On January 15, 2014, a group called Wasatch Equality and four individual snowboarders filed a lawsuit in the United States District Court for the District of Utah against Alta Ski Area and the United States Forest Service, seeking to permanently disallow Alta from enforcing its anti-snowboarder policy and snowboarding ban. Alta Ski Area prevailed in the ruling and continues to exclusively serve skiers.

== Climate ==
At 11051 ft, Sugarloaf Mountain, is a high peak within the Alta Ski Area. Sugarloaf Mountain has a subalpine climate (Köppen Dfc), bordering on an alpine climate (Köppen ETH). There is no weather station at the summit, but this climate table contains interpolated data for an area around the summit.

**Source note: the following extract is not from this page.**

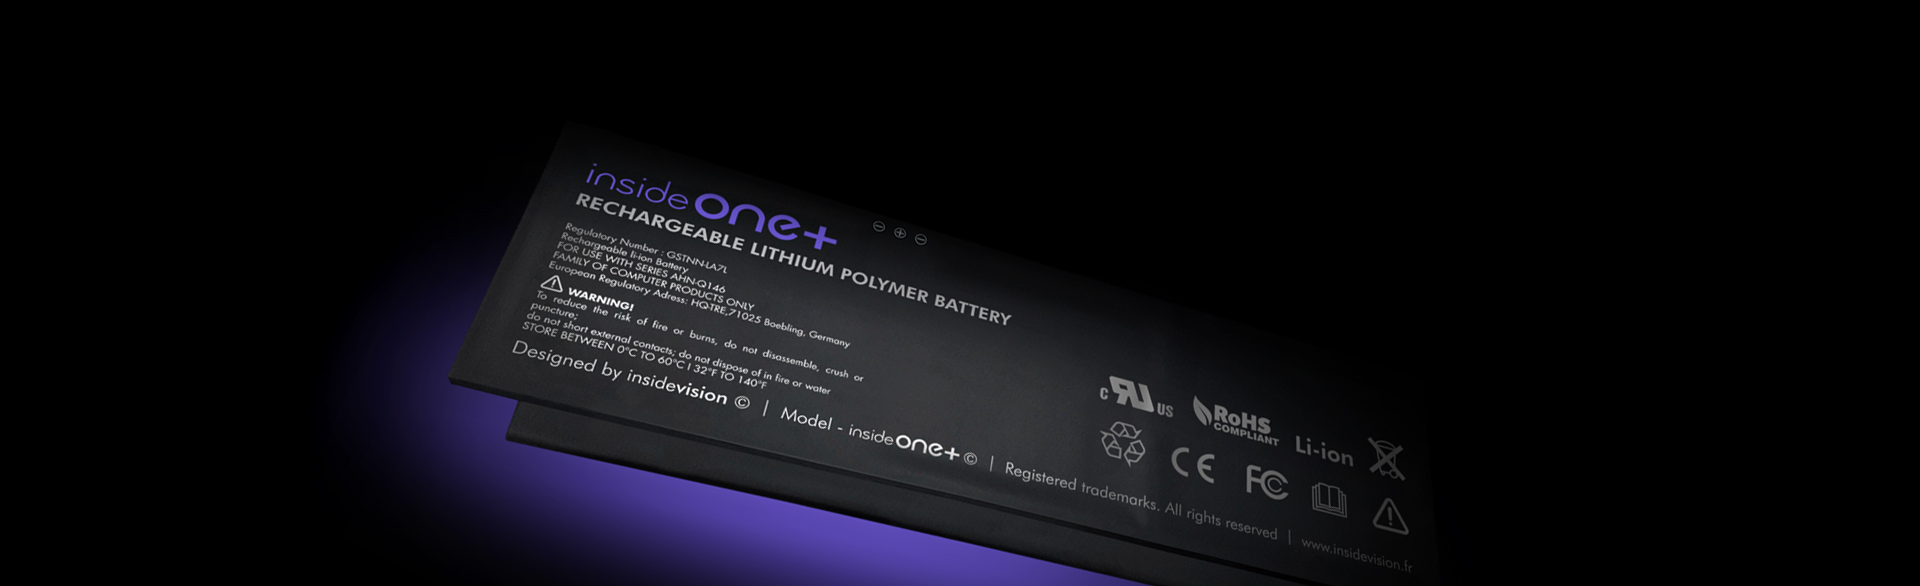 The image shows the insideONE+ battery.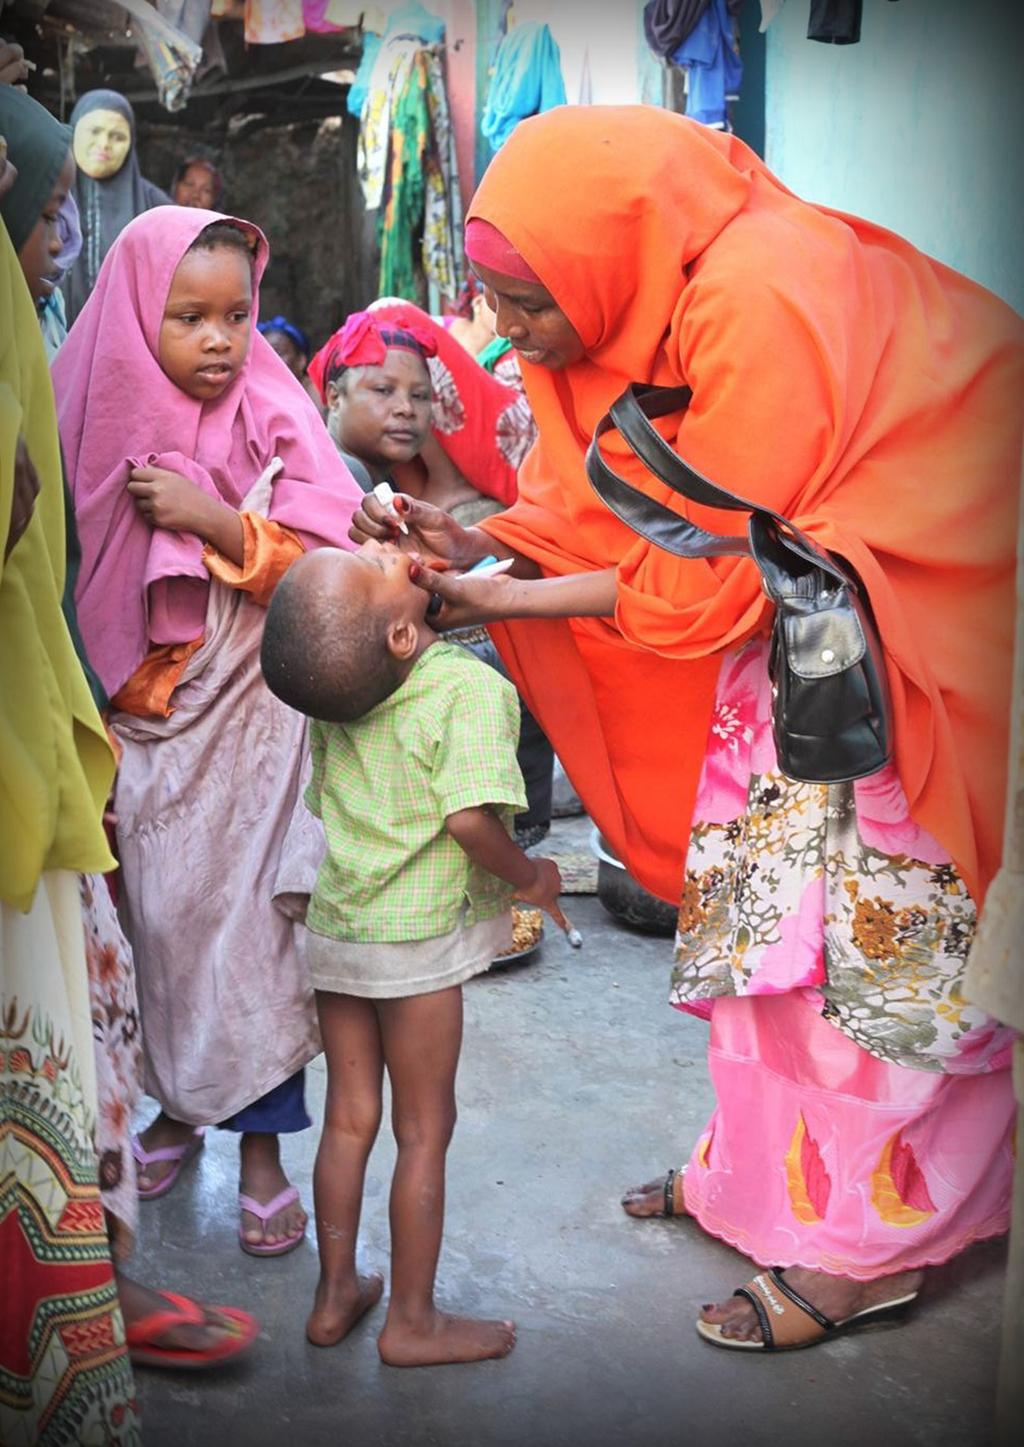 SOMALIA: A CALL FOR HUMANITARIAN AID Responding to the needs of those

Climate data for Sugarloaf Mountain (Alta) 40.5641 N, 111.6236 W, Elevation: 10,482 ft (3,195 m) (1991–2020 normals)
| Month | Jan | Feb | Mar | Apr | May | Jun | Jul | Aug | Sep | Oct | Nov | Dec | Year |
| Mean daily maximum °F (°C) | 26.1 (−3.3) | 27.3 (−2.6) | 32.2 (0.1) | 38.1 (3.4) | 47.5 (8.6) | 59.0 (15.0) | 68.3 (20.2) | 66.6 (19.2) | 57.8 (14.3) | 44.8 (7.1) | 33.3 (0.7) | 26.4 (−3.1) | 44.0 (6.6) |
| Daily mean °F (°C) | 17.9 (−7.8) | 18.1 (−7.7) | 22.7 (−5.2) | 27.8 (−2.3) | 37.0 (2.8) | 47.6 (8.7) | 57.1 (13.9) | 55.7 (13.2) | 47.3 (8.5) | 35.1 (1.7) | 24.8 (−4.0) | 18.1 (−7.7) | 34.1 (1.2) |
| Mean daily minimum °F (°C) | 9.8 (−12.3) | 8.9 (−12.8) | 13.3 (−10.4) | 17.6 (−8.0) | 26.4 (−3.1) | 36.1 (2.3) | 45.9 (7.7) | 44.8 (7.1) | 36.7 (2.6) | 25.4 (−3.7) | 16.2 (−8.8) | 9.8 (−12.3) | 24.2 (−4.3) |
| Average precipitation inches (mm) | 7.05 (179) | 6.03 (153) | 6.09 (155) | 5.91 (150) | 4.32 (110) | 1.95 (50) | 1.32 (34) | 2.11 (54) | 2.83 (72) | 4.13 (105) | 5.18 (132) | 6.08 (154) | 53 (1,348) |
Source: PRISM Climate Group

== The Ski Area ==
The ski area is owned by multiple individuals, with the largest shares being held by the Laughlin family (51%), the Quinney family (25%), and the Bass family (11%). The hotels at the base are all independently owned and not a part of Alta.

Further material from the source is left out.